Abstract:
The invention relates to a fishing lure and more particularly to a lure that has a definite dividing region along its longitudinal axis extending centrally along its length, adding to the lure&#39;s oscillatory effect. Two concave portions meet about the longitudinal axis, forming the spoon shape. The lure can be adjusted by the fisherman to provide a faster wobble by bending forward its leading edge. Because the lure tapers toward the leading edge and is made from brass, the lure is easily bendable to allow for such adjustment of the wobble action.

Description:
BACKGROUND OF THE INVENTION 
     This invention relates in general to fishing lures of the spoon type and more particularly to a lure that has a longitudinal axis extending centrally along its length which improves the lure action. The invention provides a unique shape and structure that allows for a fisherman to achieve a widely variable degree of wobble action. 

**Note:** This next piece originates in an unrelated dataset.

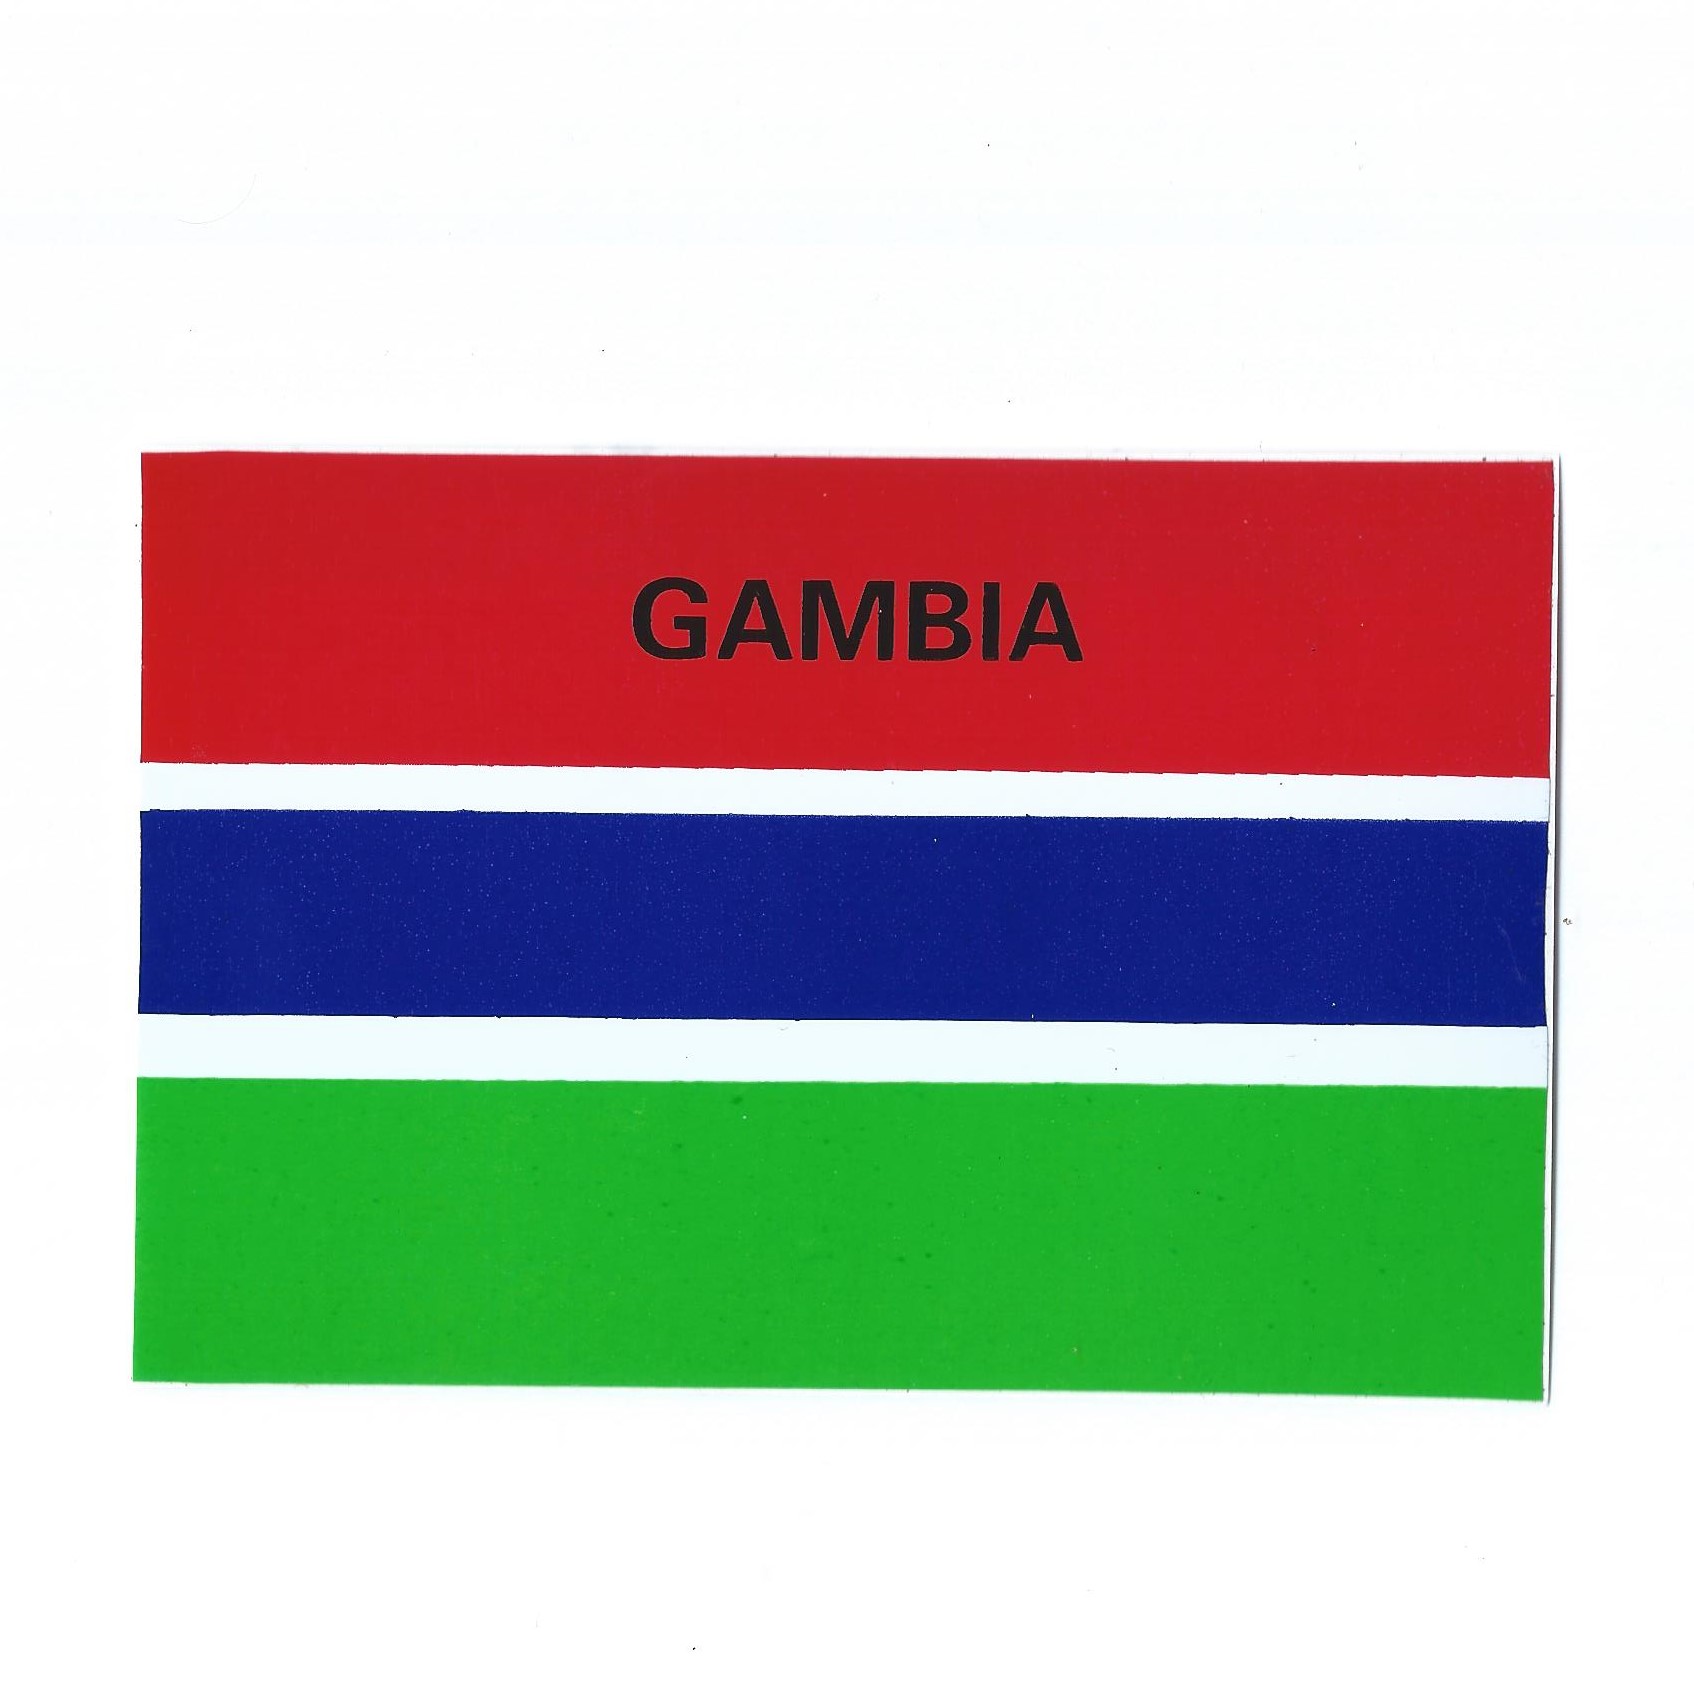 STICKER GAMBIA

     Fishing lures are commonly used for attracting game fish to a fish hook. One type of lure is referred to as a spoon lure because of its spoon-like shape. The shape of the spoon causes it to oscillate when pulled by one end through the water, producing light reflection, fluid movement, and noise which simulate the action of a bait fish, thereby attracting game fish to the lure. The fishing hook may be directly mounted on the lure or attached to the trailing edge of the lure. However, spoon-type lures generally are of a rigid metal construction and design that does not allow for a fisherman to adjust the same lure to produce a widely variable oscillatory action. Such adjustment is desirable because certain frequencies of oscillation simulate certain bait fish that can attract specific kinds of fish. Thus, if fish are not biting with a given degree of wobble, the amount of wobble may be adjusted until a setting is selected that produces the desired attraction of fish. 
     SUMMARY OF THE INVENTION 
     This invention is directed to a fishing lure that has a spoon body member having rounded leading and trailing edges. The spoon is wider near the trailing edge, and tapers toward the leading edge, so as to and in the stable oscillatory motion. The lure has a definite dividing region along a longitudinal axis extending centrally along its length from a point where a fishing line is connected at the leading edge to the trailing edge of the lure. The dividing region is defined by the intersection of two portions which are slightly concave when viewed from the bottom of the lure. The dividing region may be in the form of a definite dividing line or a definite dividing rounded edge running along the longitudinal axis of the lure. Water impacting the leading edge and directed over the top of the lure or channeled within the concave portions and substantially parallel to its longitudinal axis will thus provide the lure with a regular side-to-side oscillation while it is pulled by the leading edge through the water. The hook shank is aligned with the longitudinal axis and the barbed end extends downward acting as a rudder of sorts, to provide balance and to facilitate such regular motion. 
     In addition, the forward portion of the present lure can be bent up or down to alter the frequency of the side-to-side oscillation of the lure and, thereby, obtain a desired degree of oscillation. 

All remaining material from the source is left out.